Guateque
La Feria del Libro de Madrid, que acaba de clausurarse, es como un guateque. Y los guateques son como la vida. O más bien lo eran: porque supongo que he de explicar aquí, para los aficionados a la cultura medieval, que hubo un tiempo remoto en el que los bailes para adolescentes se llamaban guateques. Pues bien, en aquellas ceremonias ancestrales las chicas tapizábamos las paredes de la sala a la espera de que los chicos nos sacaran, y los chicos se reconcomían de desasosiego temiendo que, de atreverse a decir algo, la niña de sus sueños les hiciera burla. Se trataba, pues, del típico rito tribal de iniciación., De una liturgia basada en la más fundamental e irresoluble tribulación humana: la ansiedad por saberse querido, por sentirse aceptado, por rozar la certidumbre de que te aman.
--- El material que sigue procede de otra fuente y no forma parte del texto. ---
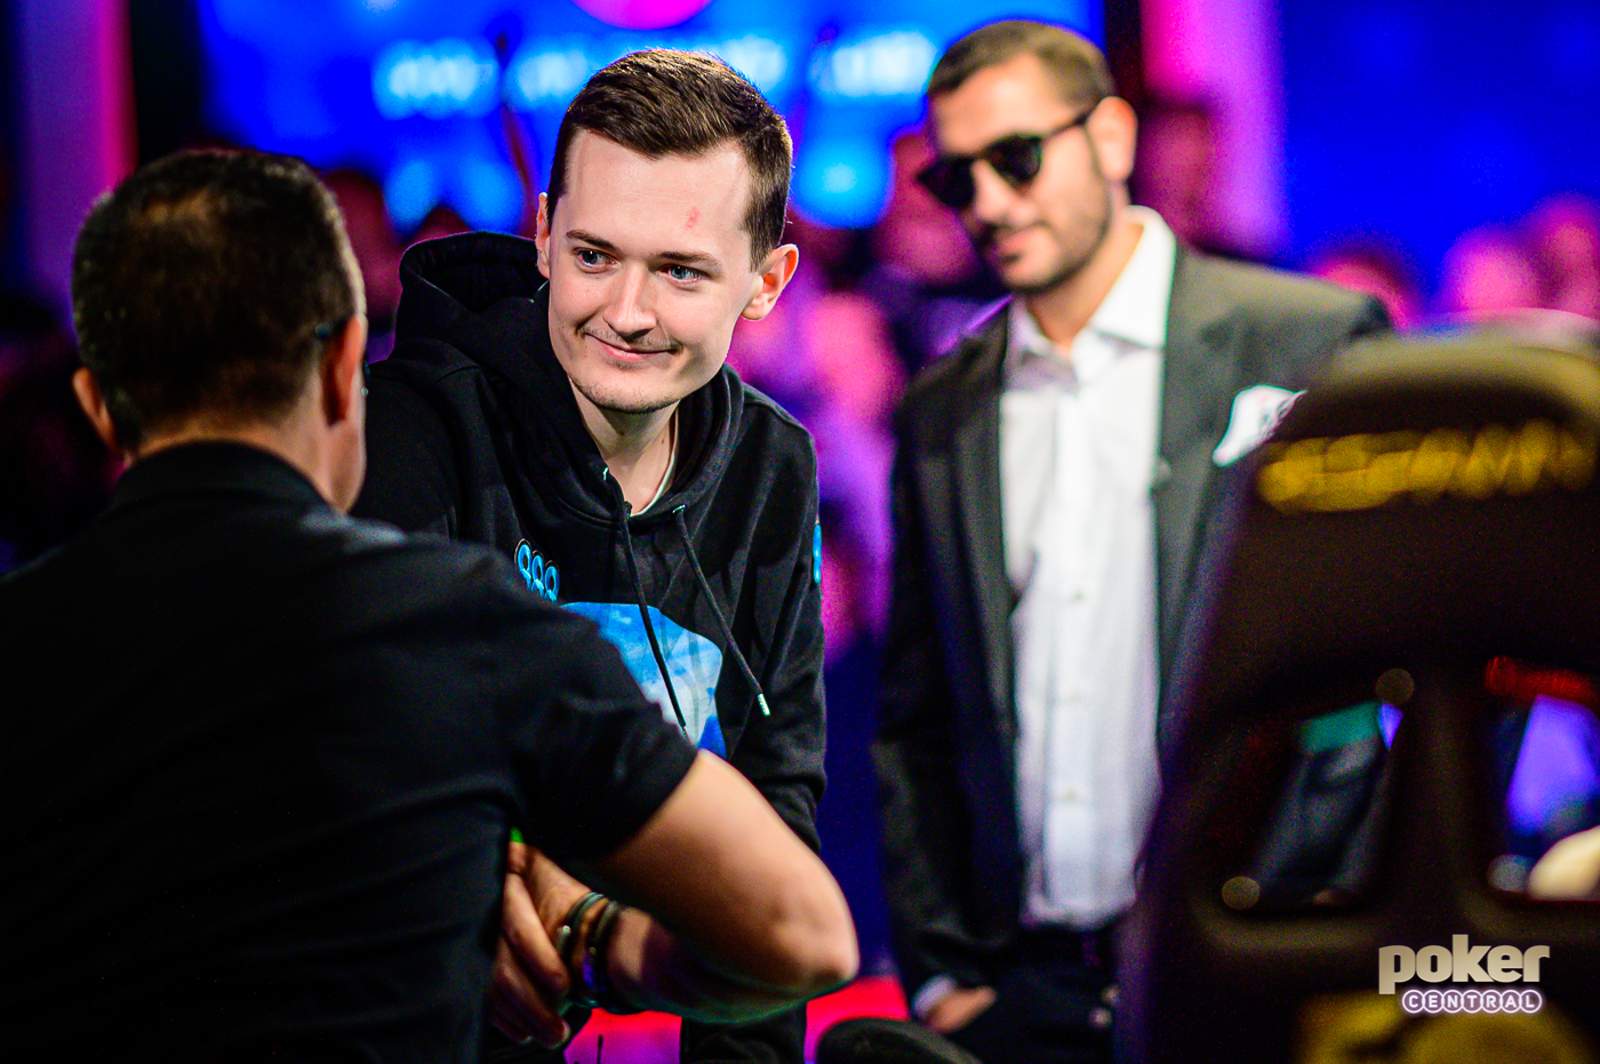 21-Year Old Nick Marchington Humble in Defeat After 7th Place Finish in WSOP Main Event

Tengo para mí que esta zozobra emocional, esta pueril elementalidad del sentimiento, está detrás de casi todas las acciones de las personas. Que se estudian oposiciones a notario, se echan opas bancarias, se hacen guerras feroces y se lanzan cohetes a Saturno por la tonta razón de que te quieran más (o tal vez para que te teman más, lo cual no es sino una perversión de la misma cosa). Pero nunca vi tan claro este funcionamiento del alma humana como lo vi en la Feria: ahí estábamos los 500 autores por metro cuadrado que hay en el país esperando amorosamente a los lectores y verificando, con agobiado cálculo, si sacaban más a bailar a los otros escrito res, o sea, si el mundo amaba más al vecino que a ti. Tan mayores todos y seguimos aún prendidos al dilema primario del "me quieren o no". Y lo mismo sucede con los demás mortales: a los escritores, marionetas metidas en nuestros teatrillos de la Feria, se nos nota más, pero el soponcio del corazón nos acomete a todos. En esta duda tonta se nos va la vida.